Robert Tracy, the St. Louis Police Chief, who just completed his first 100 days in office, spoke in lockstep with Jones. “From a law enforcement perspective, Kia and Hyundai’s negligence with their products have created a public safety hazard for the Saint Louis Metropolitan Police Department and we’re working every single day to address it.”
In response, Kia stated that the lawsuits “are without merit.” They added that they “are willing to work cooperatively with law enforcement agencies in St. Louis to combat car theft and the role social media has played in encouraging it.” Adding, “Its vehicles comply with U.S. theft protection regulations.”
Hyundai said that it has taken actions, “in response to increasing and persistent thefts targeting our vehicles without push-button ignitions and immobilizing anti-theft devices in the United States.” Just last month the automakers stated that they would offer software upgrades to 8.3 million U.S. vehicles.
Technically, these auto manufacturers have done nothing wrong.

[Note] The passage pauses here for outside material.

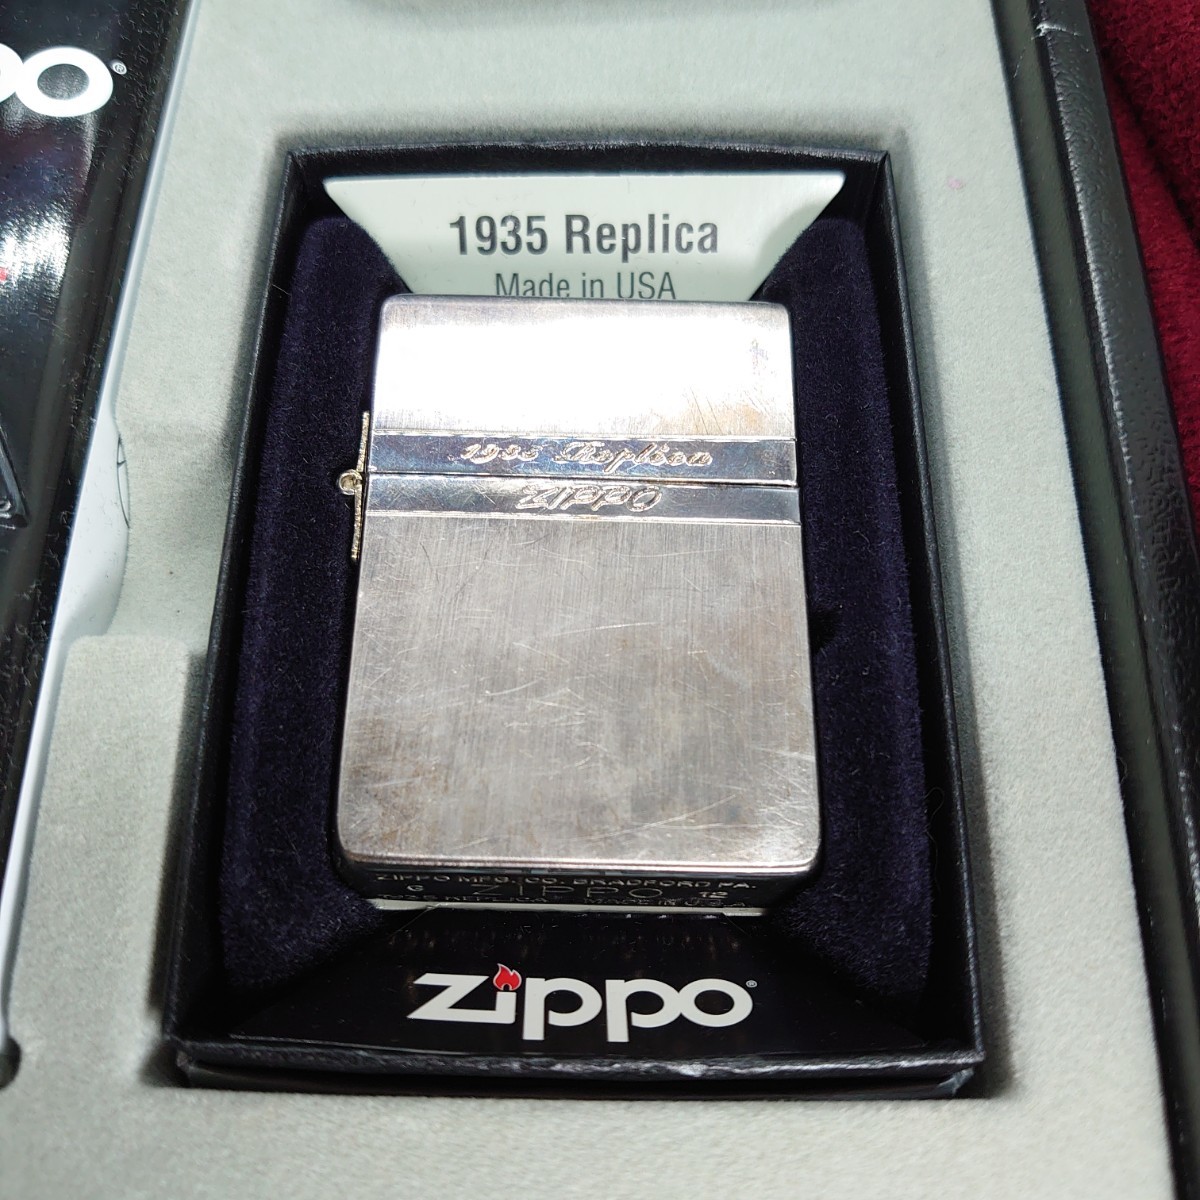 9170【火花確認済】1935 REPLICA ZIPPO 刻印 G 12 レプリカ ジッポーライター オイル フリント 箱付き の画像1

TikTok exploited an Achilles heel on these vehicles and bad people are taking advantage of it. It is frustrating yes, but perhaps these cities that use the revolving door style of justice should look inward.
These lawsuits are a waste of taxpayer dollars. Rather than pointing fingers, try accepting the problem and punishing those that steal the cars.
With apologies to David Gerrold who said, “If you’re passing the buck, don’t ask for change.” In regards to these cities and any others that feel the need to blame others, I am changing the quote slightly.
“If you’re passing the buck, don’t expect change.”